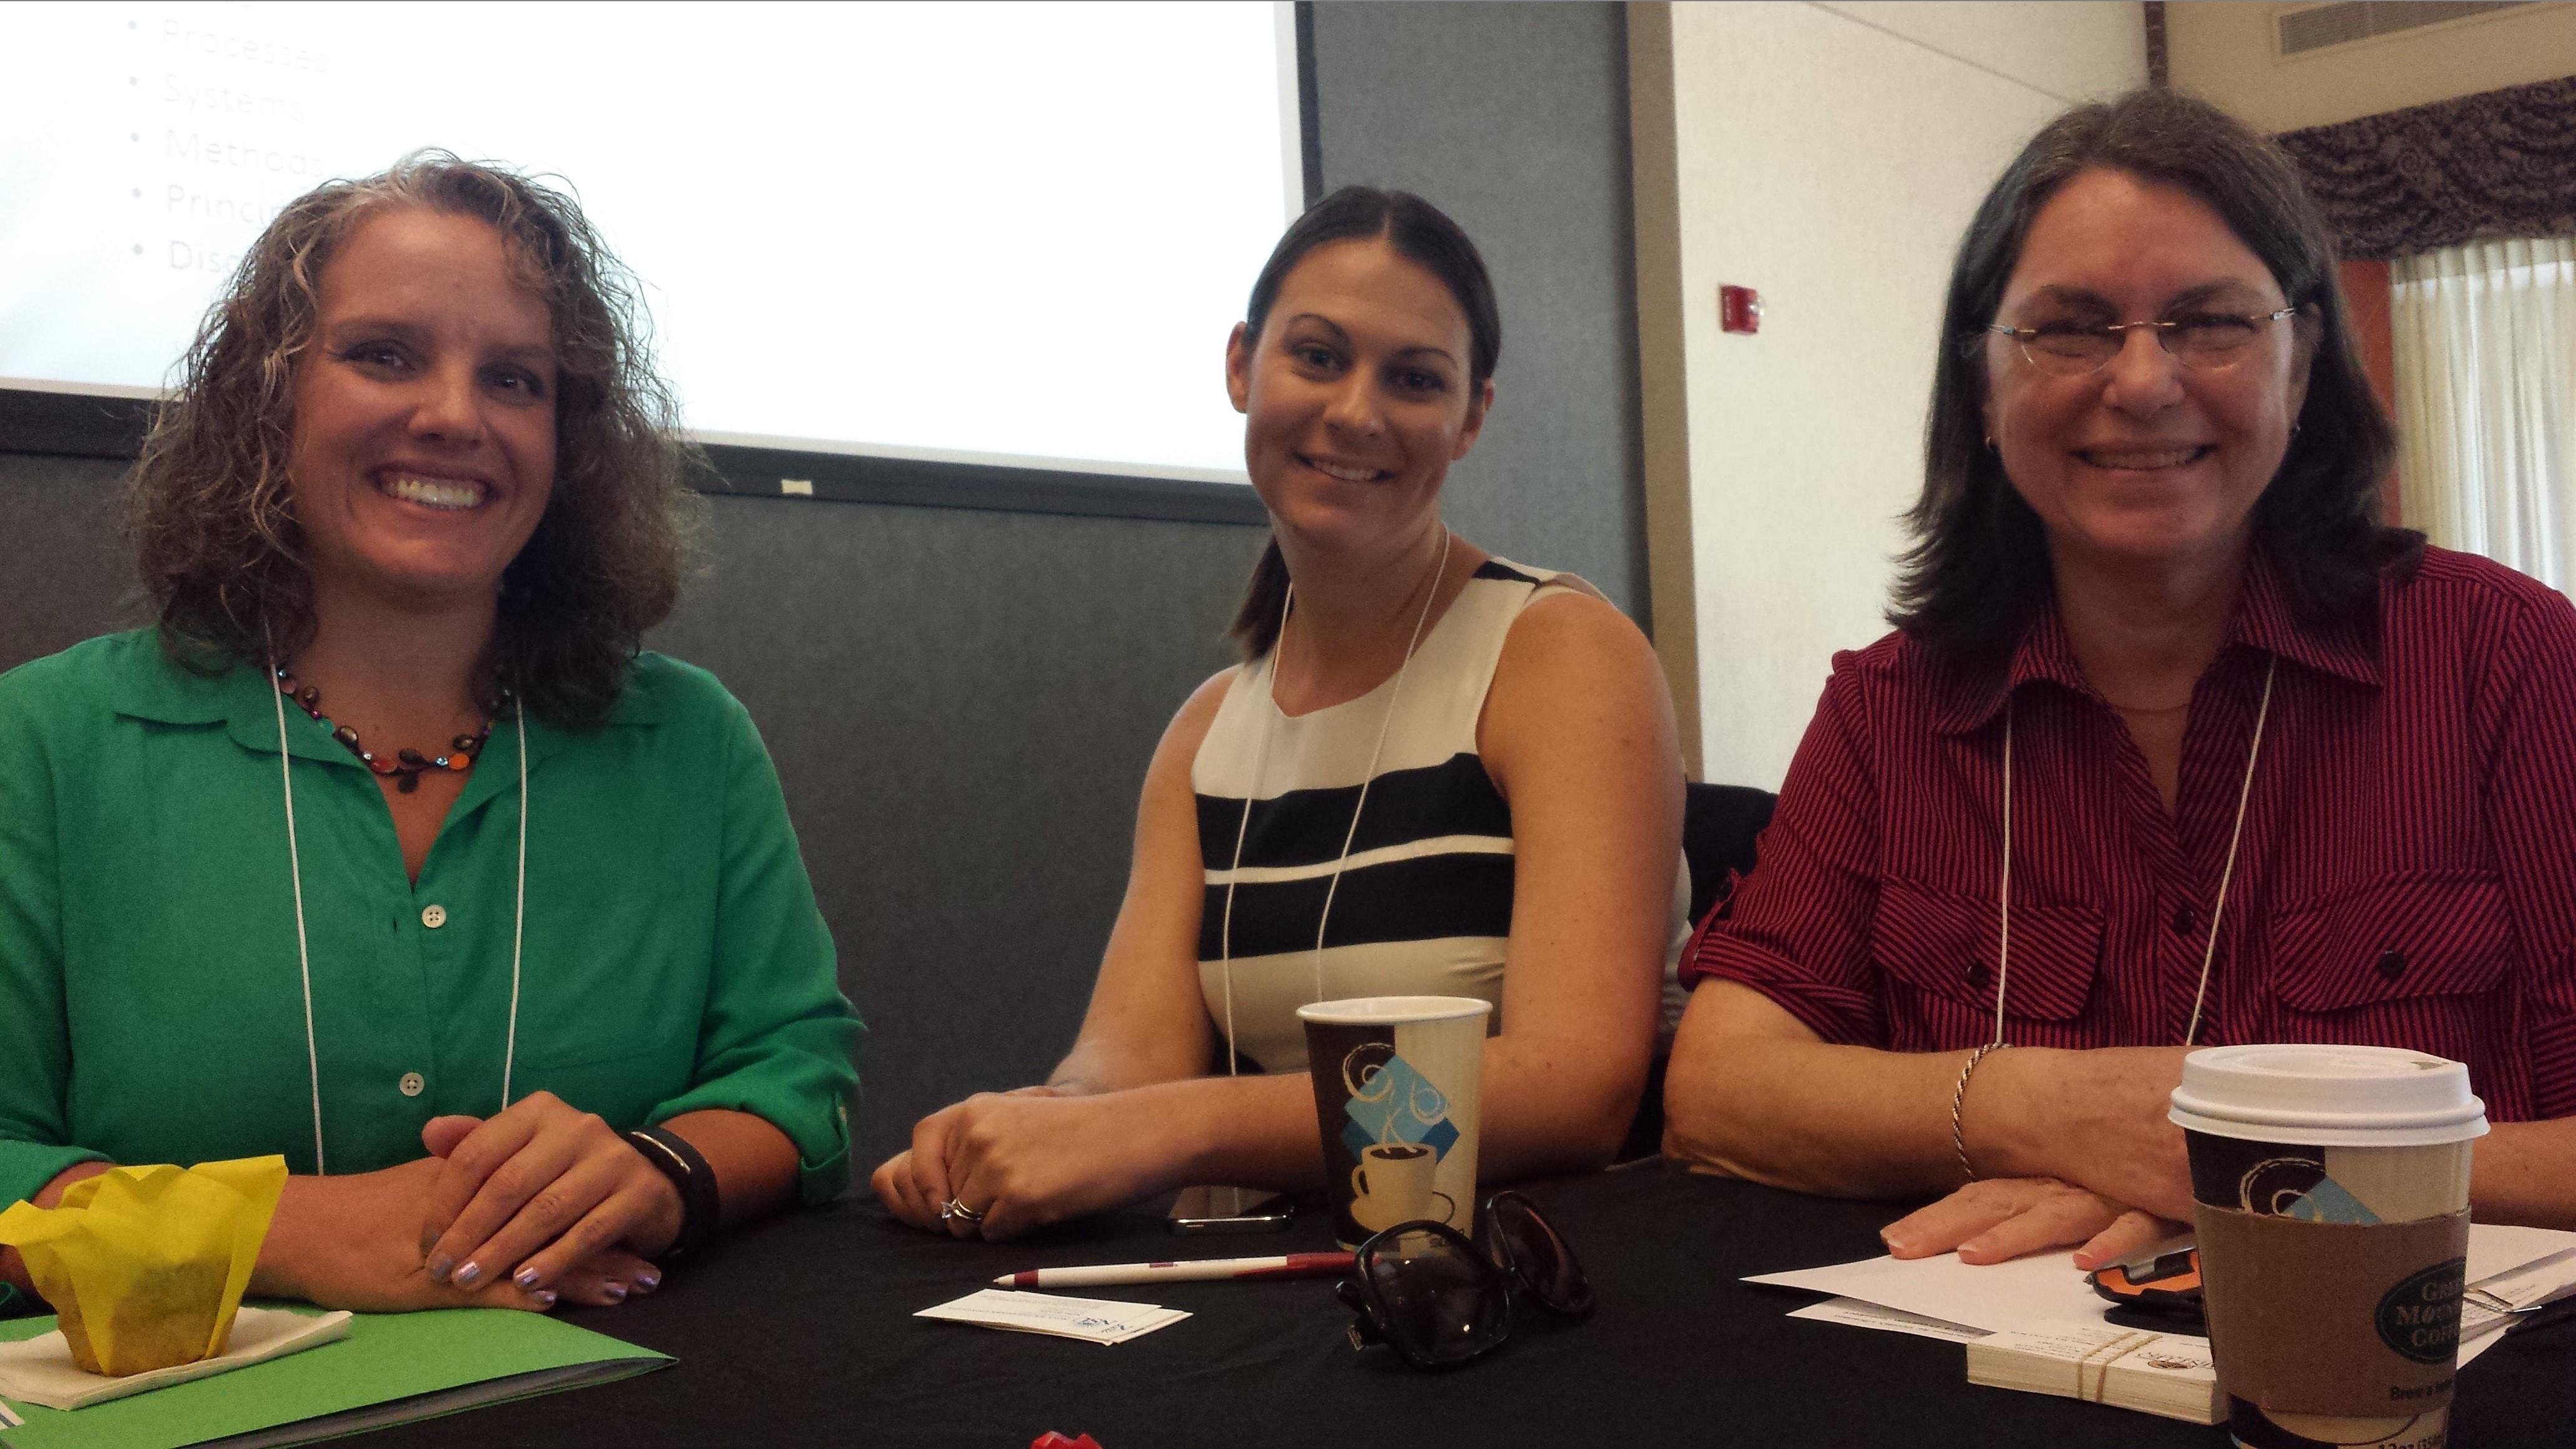 Katie McCormick, Keri Baker, and Sandy Hawes at FACRL-2014
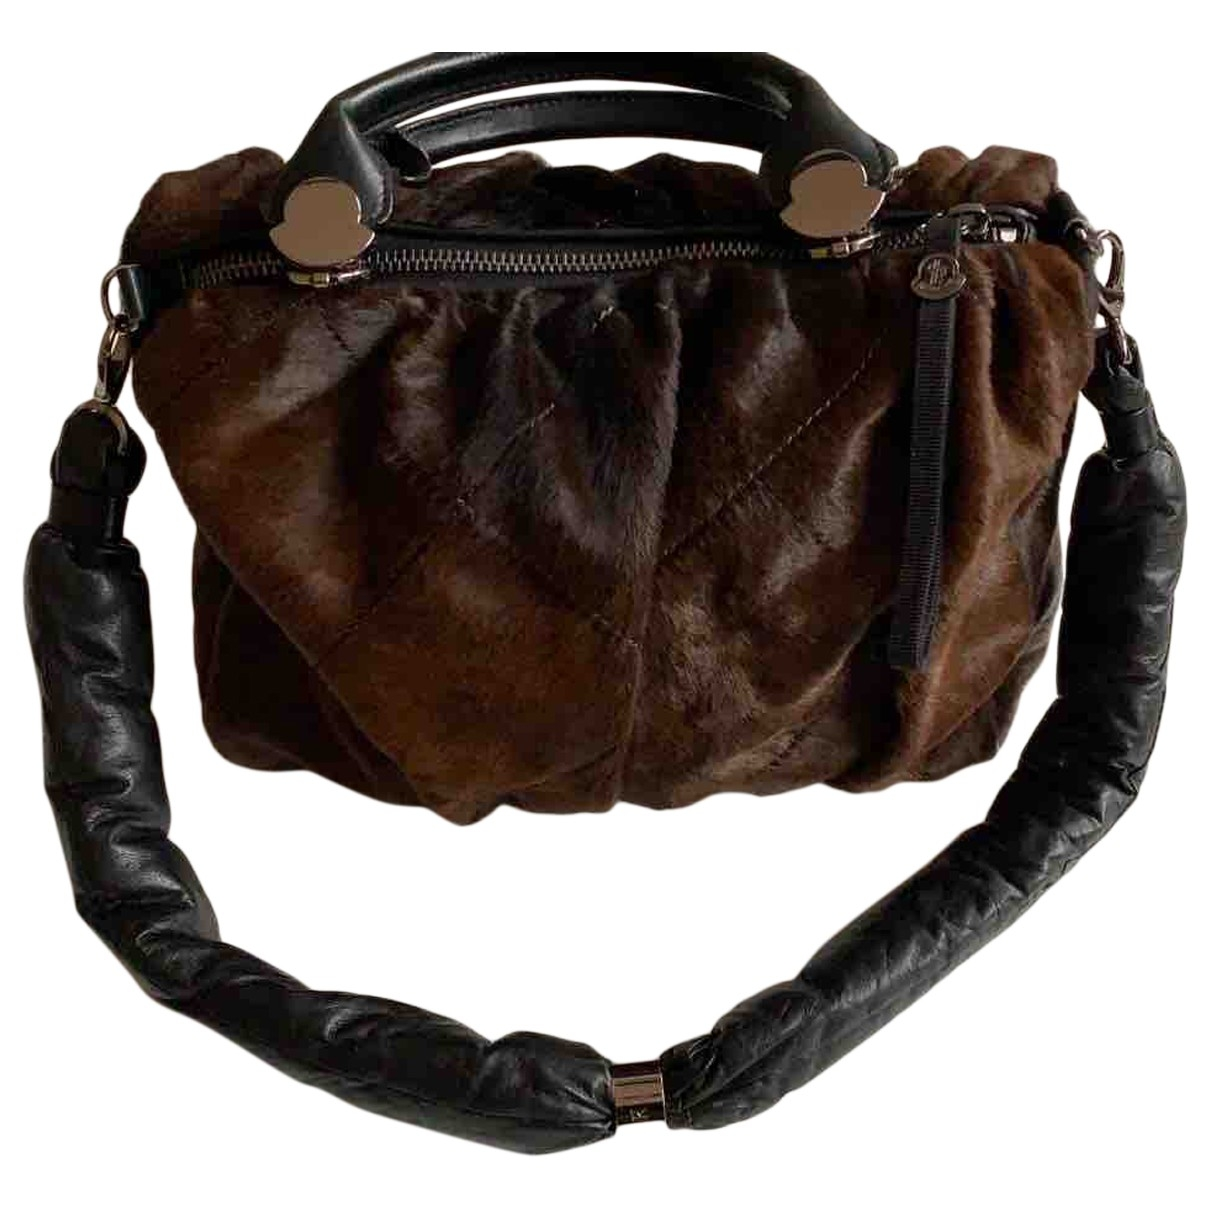 Moncler \N Brown Leather handbag for Women \N
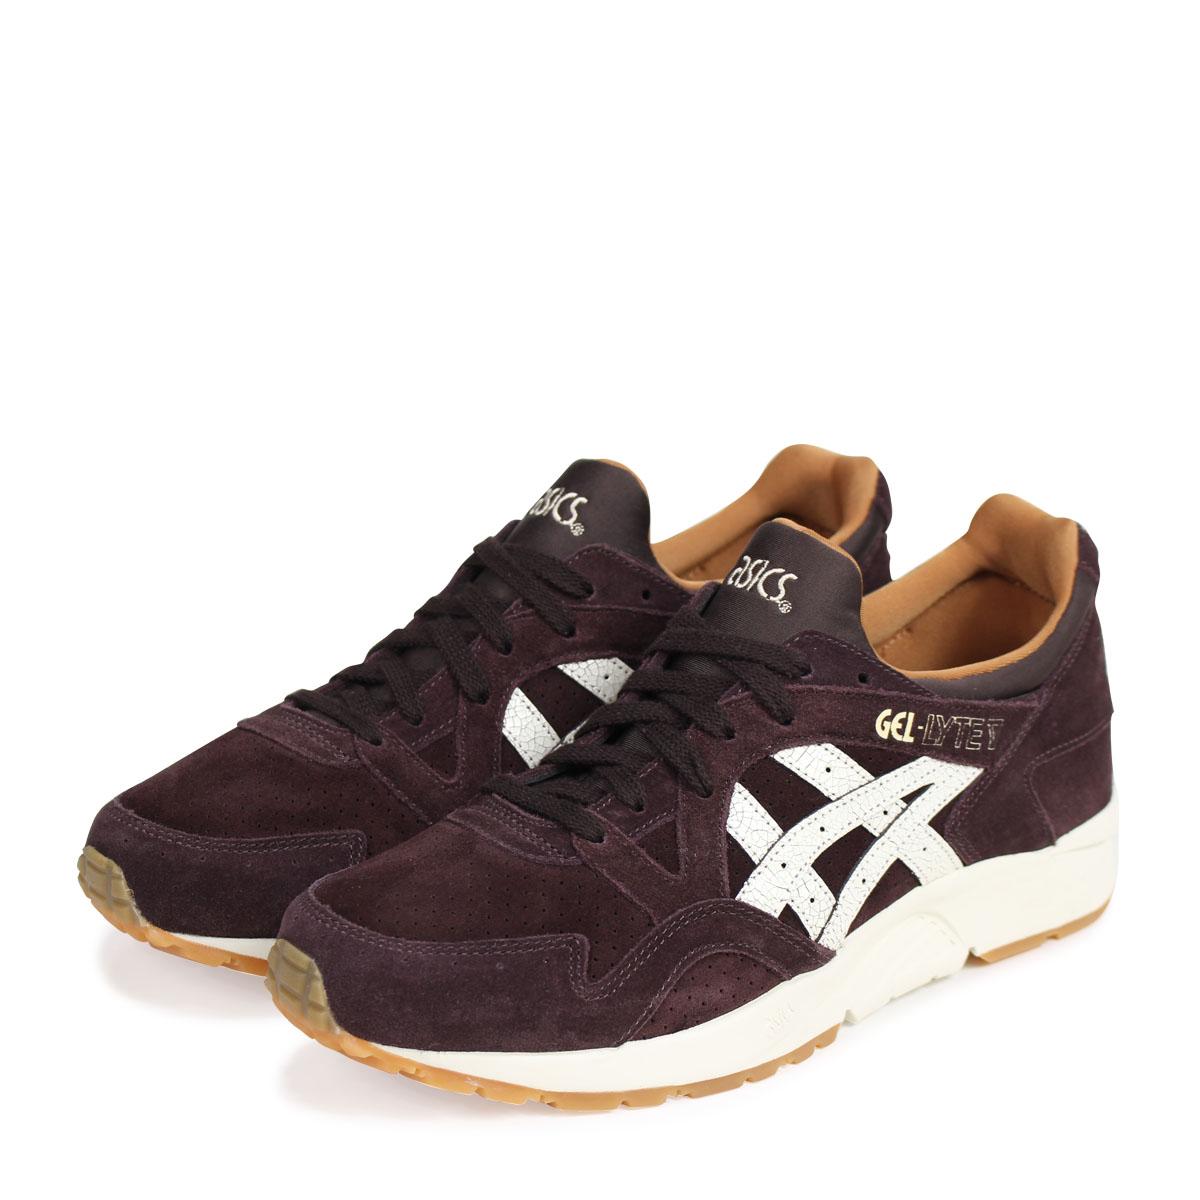 asics Tiger GEL LYTE V ASICS tiger gel light 5 sneakers H8E4L 2900 men brown [load planned Shinnyu load in reservation product 320 containing] [183]
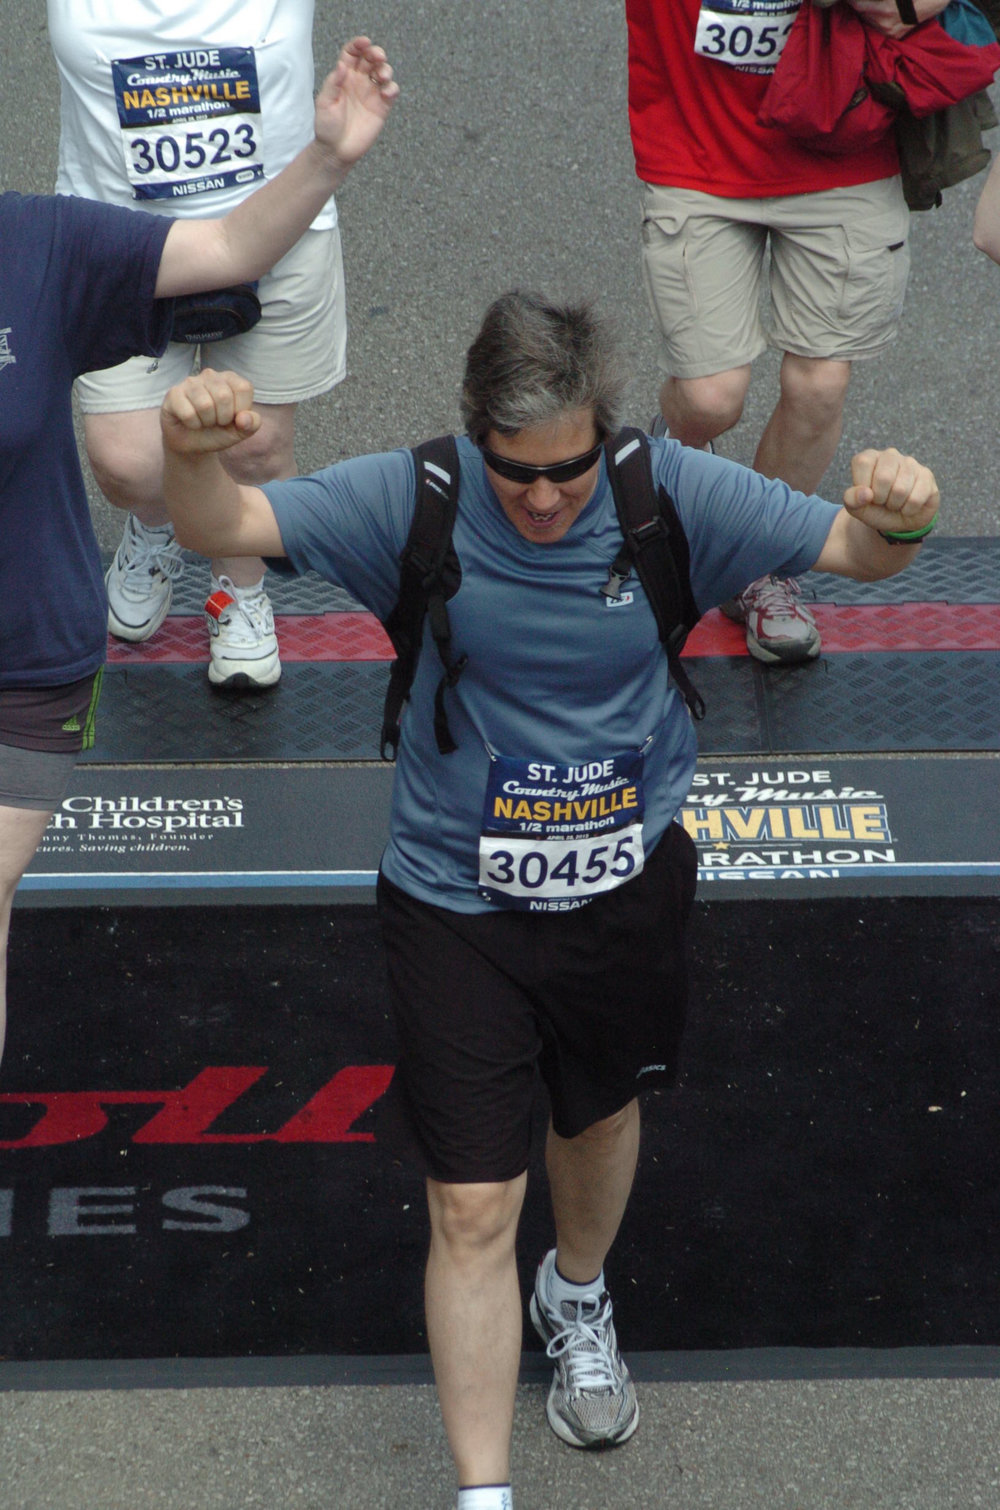 Marathon Photo.jpg

- Exercise prompt: Reproduce the material word for word. Skip every picture it holds.

- Output of the task:
 Katie McCormick, Keri Baker, and Sandy Hawes at FACRL-2014
 Moncler \N Brown Leather handbag for Women \N
 asics Tiger GEL LYTE V ASICS tiger gel light 5 sneakers H8E4L 2900 men brown [load planned Shinnyu load in reservation product 320 containing] [183]
 Marathon Photo.jpg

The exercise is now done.